If you cannot desire to be in the shoes of your superiors, if you don’t desire their life (the true life, not the idealized version) it’s time to seek another path.

And what path another path would that be? No idea. Enter Science’s Individual Development Plan and Cheeky Scientist Association. Both were essential in my journey of fact-based discovery. I cannot recommend these resources enough for someone facing a similar situation.

After some soul searching I uncovered the obvious and the kinda surprising: being an academic researcher was low ranked based on my life priorities.

High ranked were entrepreneurship, management consulting and business-oriented careers in general.

I thought that management consulting was a sweet deal, being broke after so many years of low paying as a master’s and later on a Ph.D. student. My adventures in preparing for management consulting are chronicled elsewhere.

Eventually, I was offered a position that came through my network to be a project analyst in a biotech company.

The challenge of a successful exit from academia is all about your mind.

It’s a fundamental shift in self-perception.
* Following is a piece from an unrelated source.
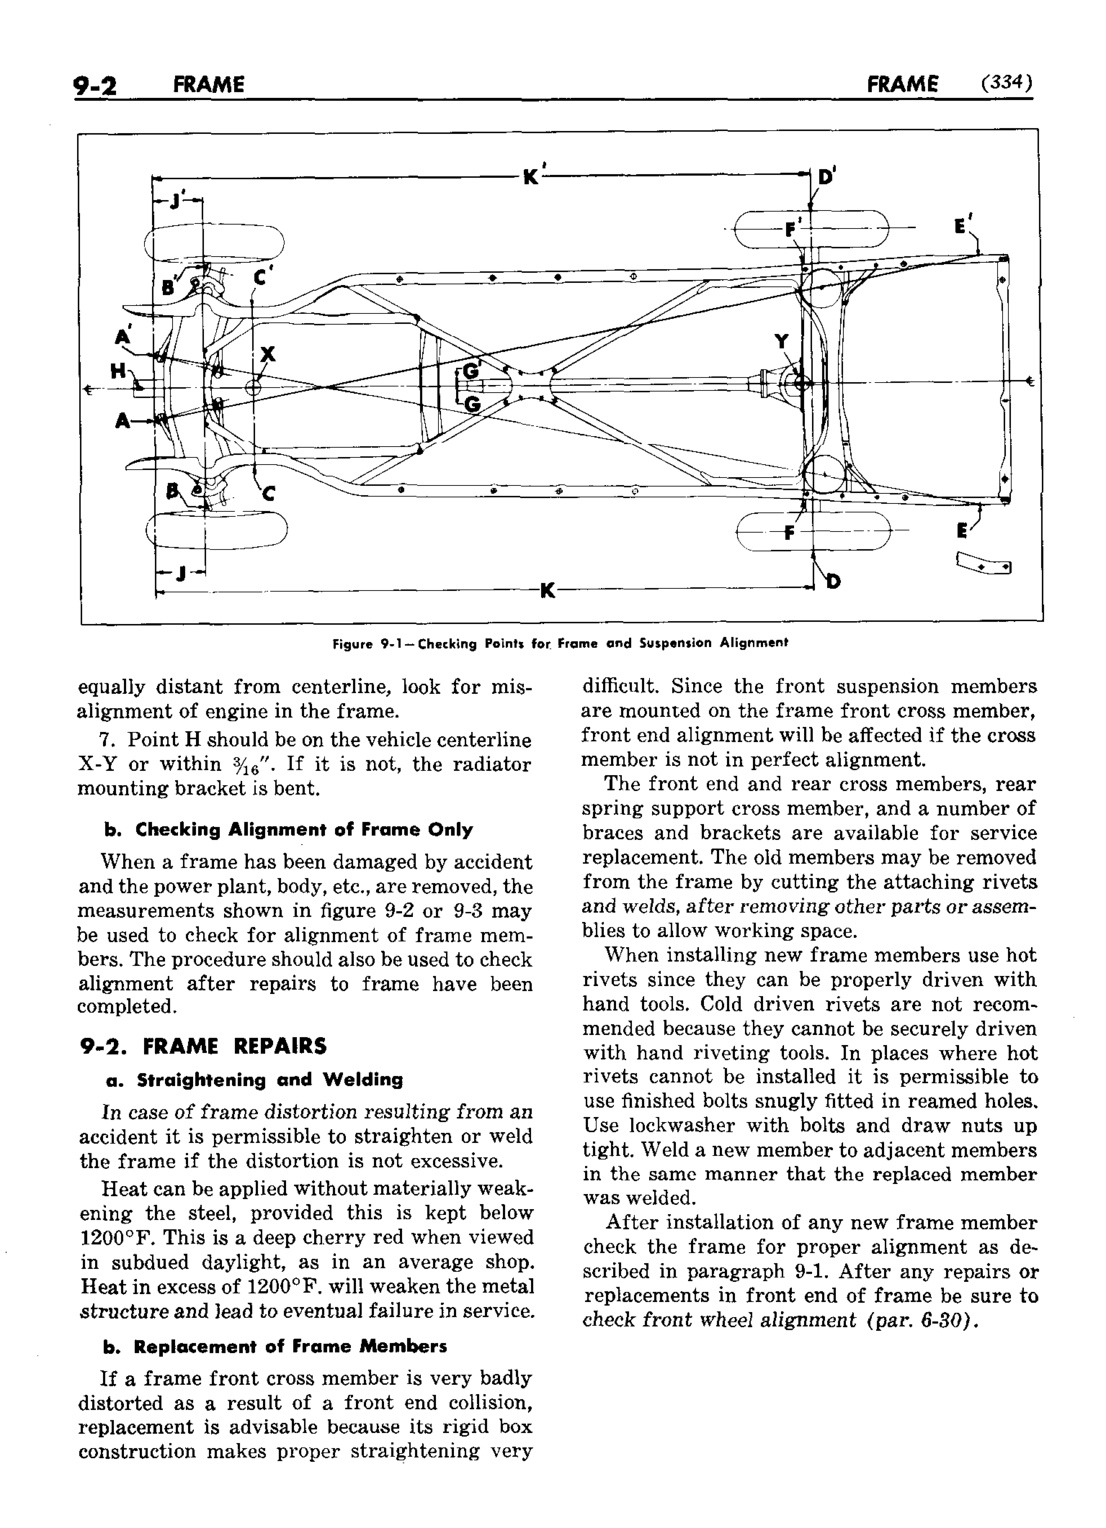 n_10 1952 Buick Shop Manual - Frame-002-002.jpg
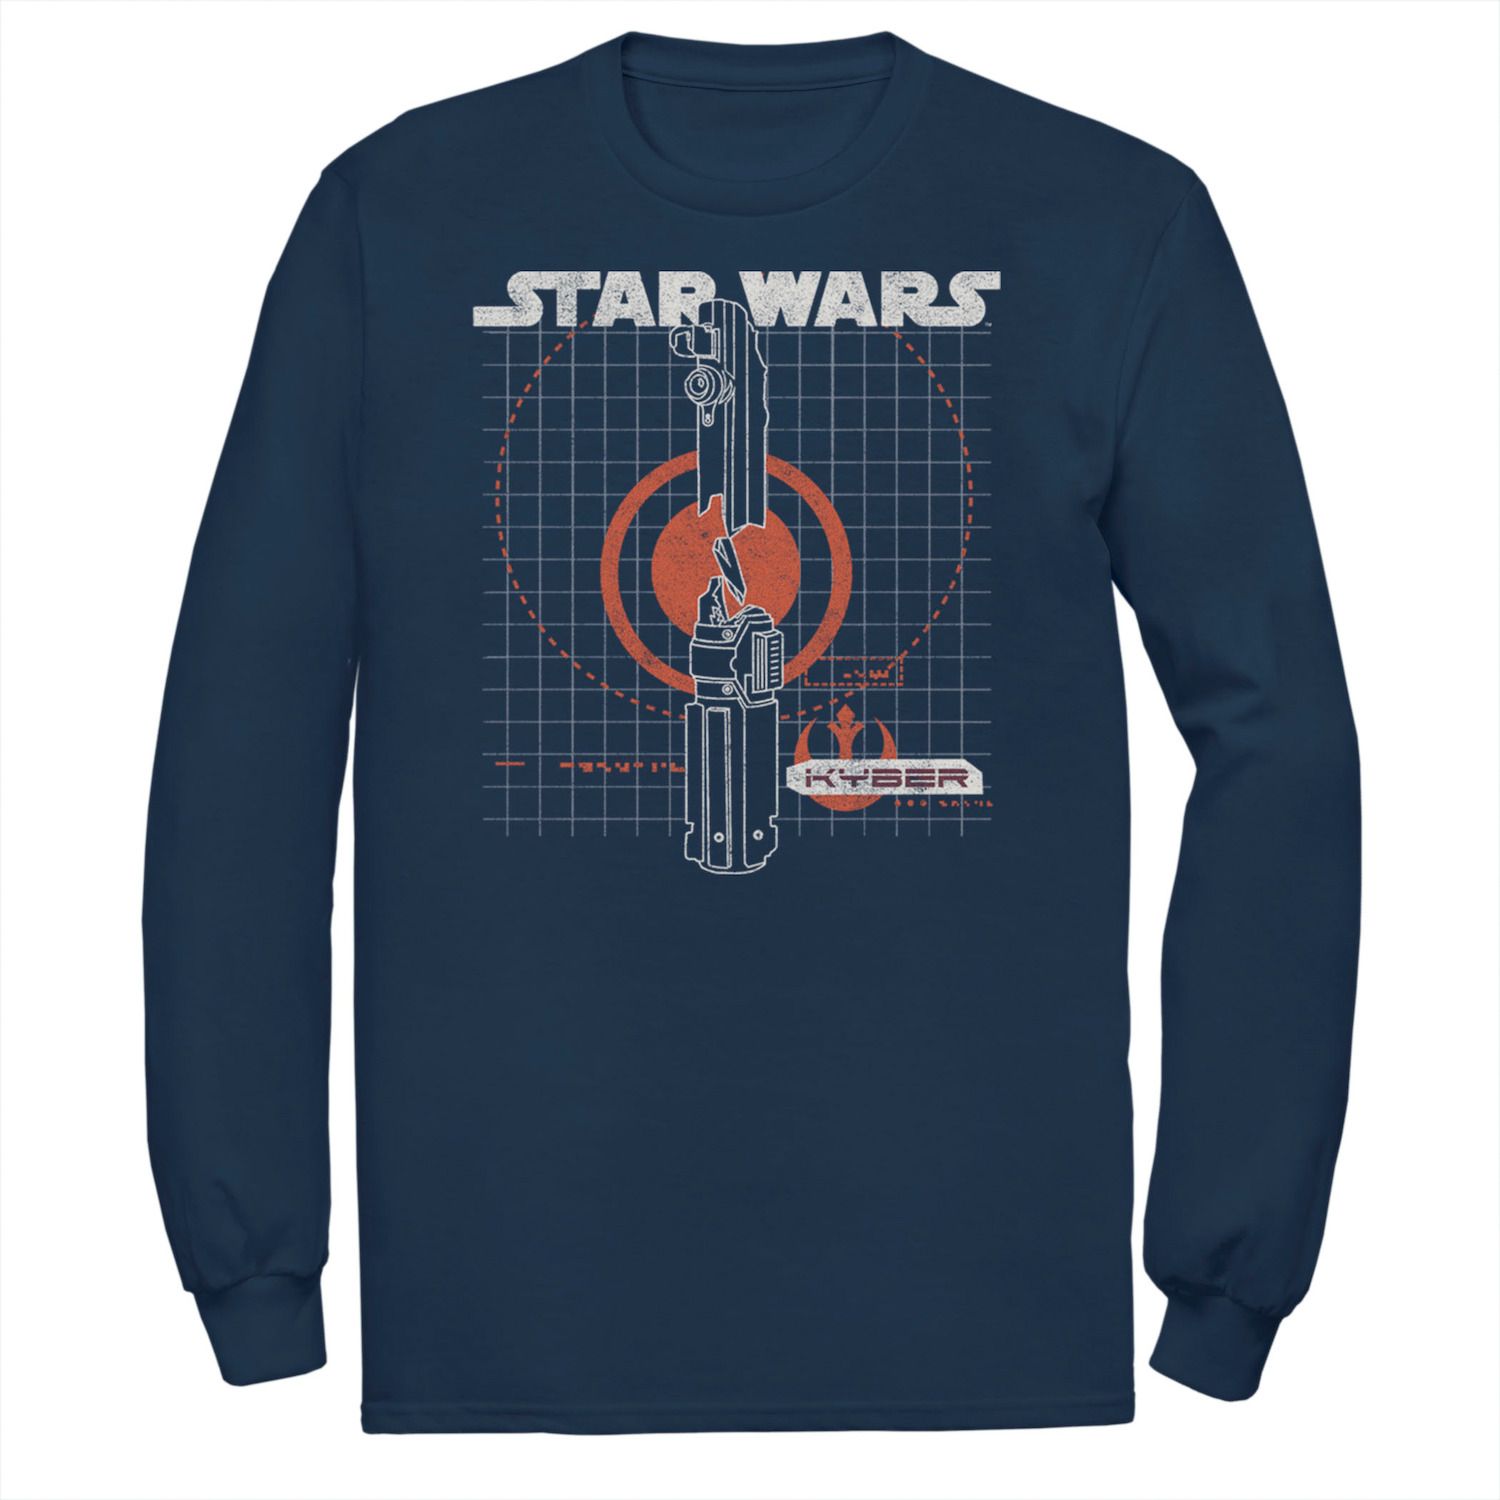 Image for Licensed Character Men's Star Wars Lightsaber Blueprint Graphic Sweatshirt at Kohl's.

It’s realizing for once and for all that you were doing science, not being science.

Since you were just doing it, you can stop doing that and do something else.

Breaks my heart and I think of physically assaulting someone at the same time every time I heard some of my academic friends say some variation of “But… I don’t know how to do anything else!”

Of course, you know!

You are not a paper, you write papers. So at the very least, you know how to write.
There are people making a decent living writing you know? And some of them making more than a professor, if you need extra motivation.

If you need help finding your skills there are resources on the web that do just that.

For me, it was time to start moving on. It was good while it lasted, but I want to find my path elsewhere. Goodbye academia, and thanks for the fish.